Read, format, then write large CSV files

2019-06-11 09:57发布

问题:

I have fairly large csv files that I need to manipulate/amend line-by-line (as each line may require different amending rules) then write them out to another csv with the proper formatting.

Currently, I have:

import multiprocessing

def read(buffer):
    pool = multiprocessing.Pool(4)
    with open("/path/to/file.csv", 'r') as f:
        while True:
            lines = pool.map(format_data, f.readlines(buffer))
            if not lines:
                break
            yield lines

def format_data(row):
    row = row.split(',') # Because readlines() returns a string
    # Do formatting via list comprehension
    return row

def main():
    buf = 65535
    rows = read(buf)
    with open("/path/to/new.csv",'w') as out:
        writer = csv.writer(f, lineterminator='\n')
        while rows:
            try:
                writer.writerows(next(rows))
            except StopIteration:
                break

Even though I'm using multiprocessing via map and preventing memory overload with a generator, it still takes me well over 2 min to process 40,000 lines. It honestly shouldn't take that much. I've even generated a nested list from the generator outputs and trying to write the data as one large file at one time, vice a chunk-by-chunk method and still it takes as long. What am I doing wrong here?

回答1:

I have figured it out.

First, the issue was in my format_data() function. It was making a call to a database connection that, every time it ran, it constructed the database connection and closed it with each iteration.
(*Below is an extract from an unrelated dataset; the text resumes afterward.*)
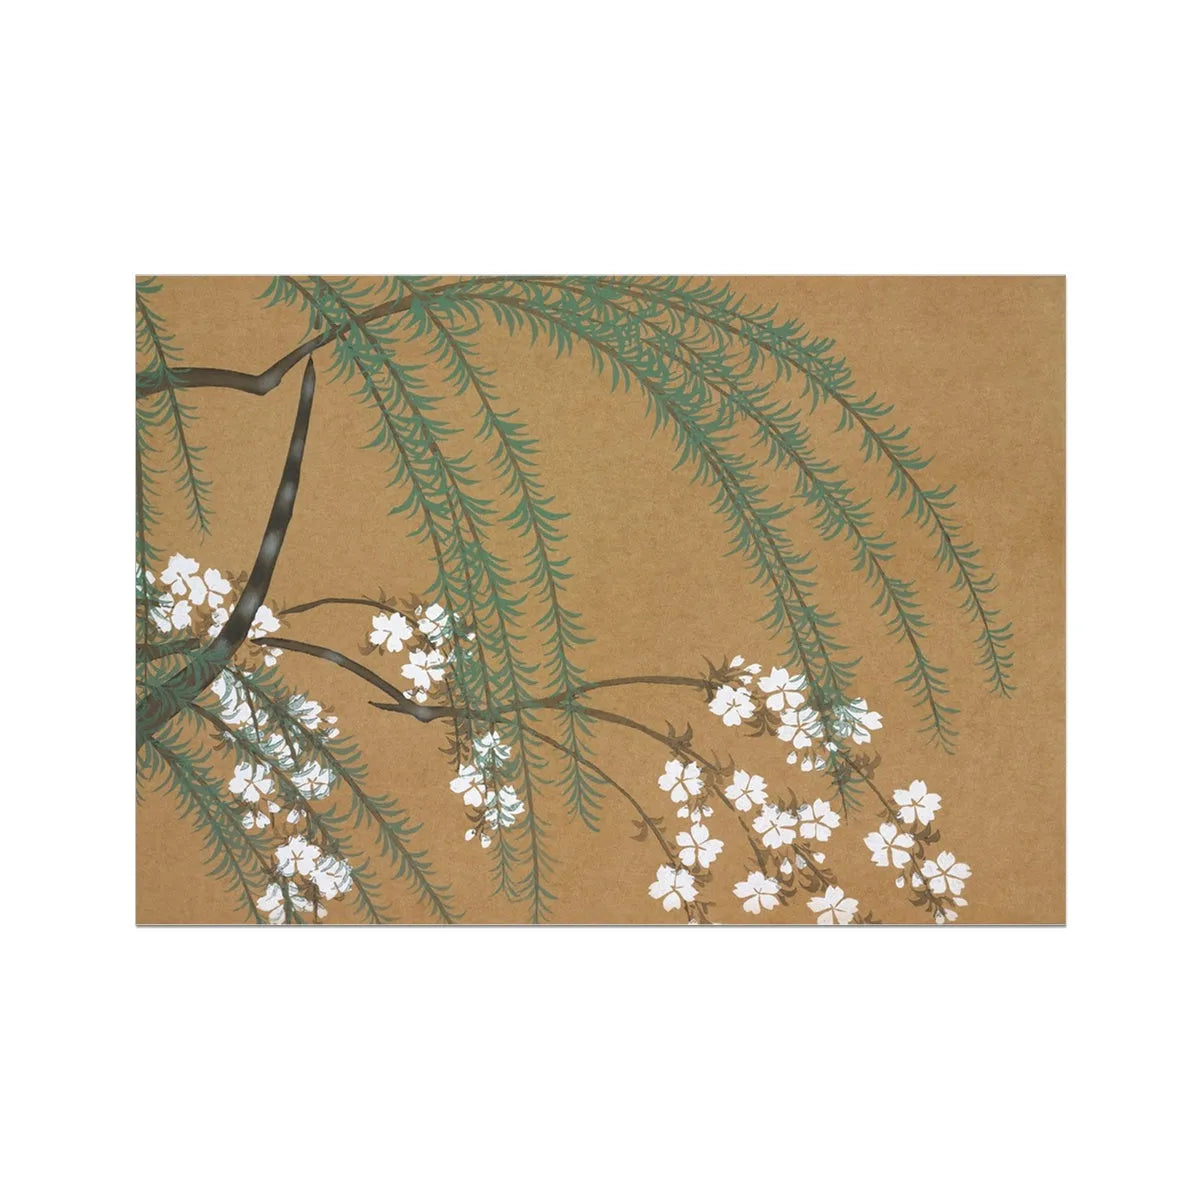 Blossoms From Momoyogusa By Kamisaka Sekka Fine Art Print - Posters Prints & Visual Artwork - Aesthetic Art
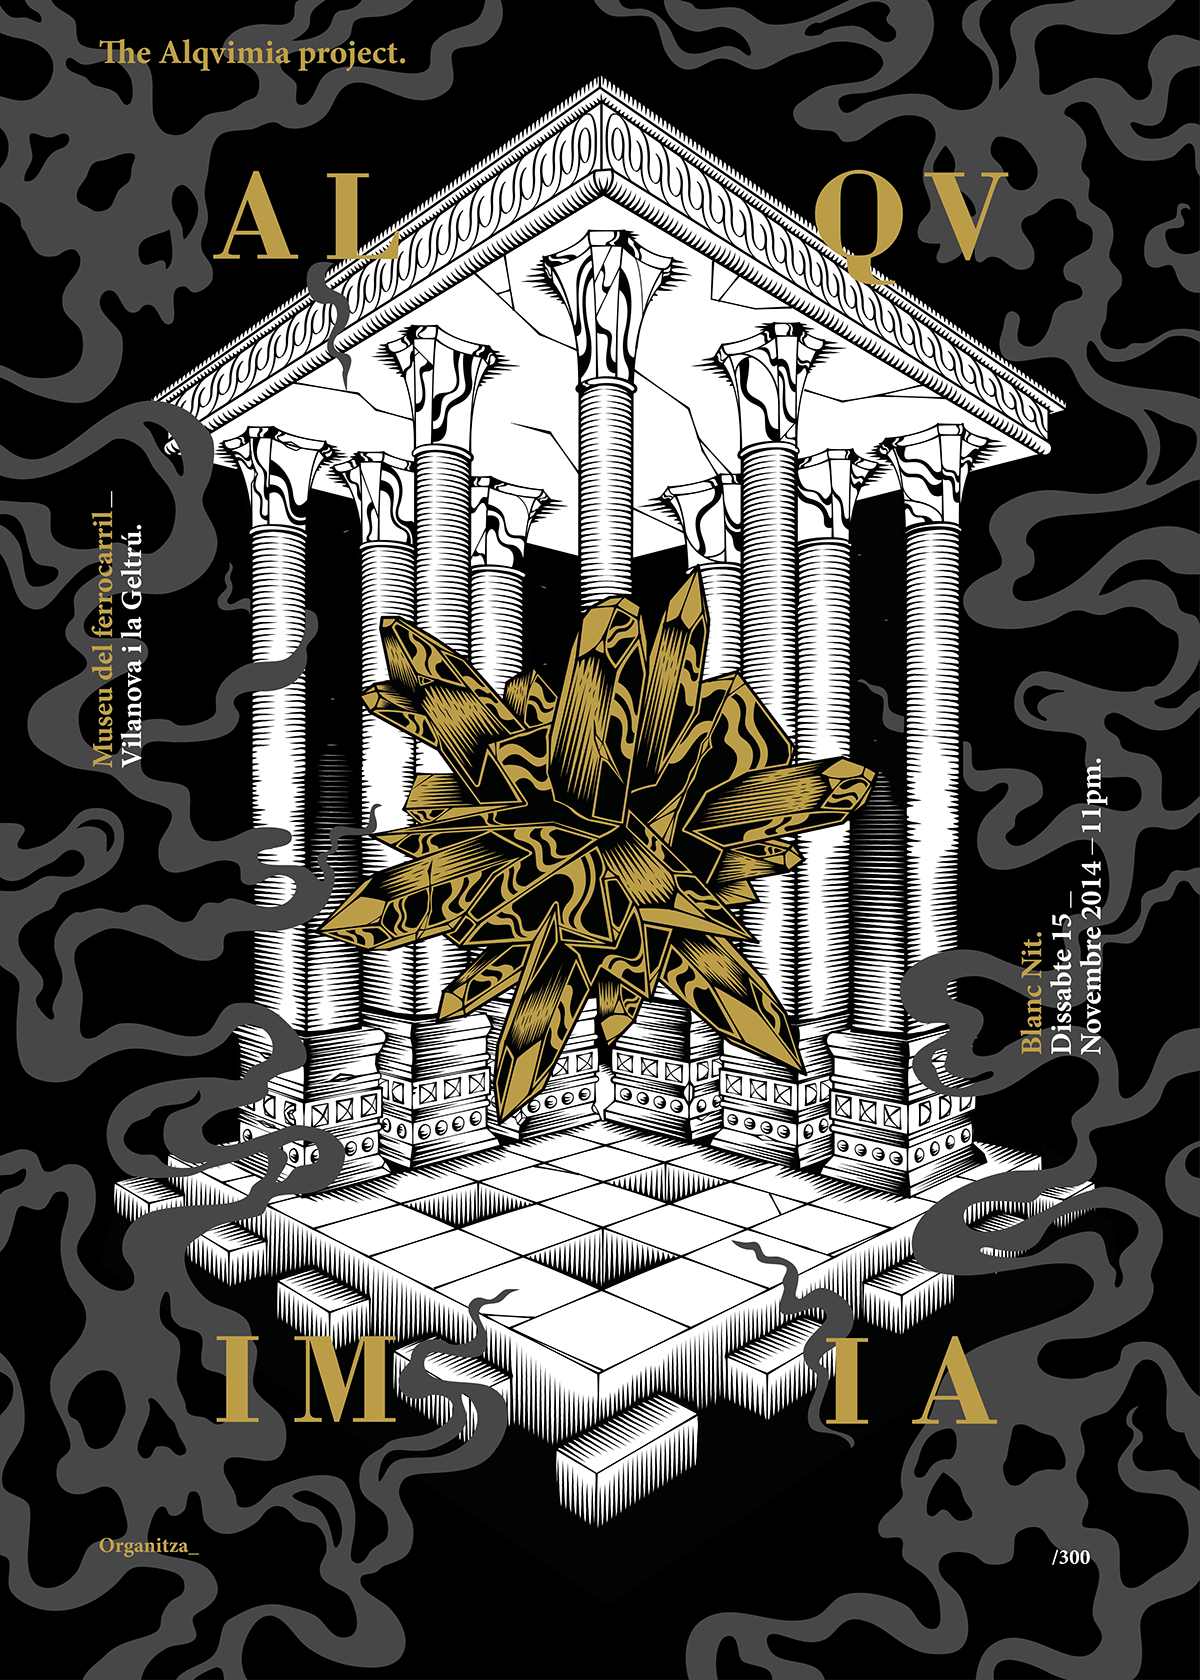 barcelona fest blanc design diseño diseño gráfico poster festival screenprint print black gold alchemy

I fixed it by creating a basic mapping via a dictionary for an exponentially faster lookup table that supports multithreading.

So, my code looks like this:

import multiprocessing

def read(buffer):
    pool = multiprocessing.Pool(4)
    with open("/path/to/file.csv", 'r') as f:
        while True:
            lines = pool.map(format_data, f.readlines(buffer))
            if not lines:
                break
            yield lines

def format_data(row):
    row = row.split(',') # Because readlines() returns a string
    # Do formatting via list comprehension AND a dictionary lookup
    # vice a database connection
    return row

def main():
    rows = read(1024*1024)
    with open("/path/to/new.csv",'w') as out:
        while rows:
            try:
                csv.writer(f, lineterminator='\n').writerows(next(rows))
            except StopIteration:
                break

I was able to parse a ~150MB file in less than 30 sec. Some lessons learned here for others to hopefully learn from.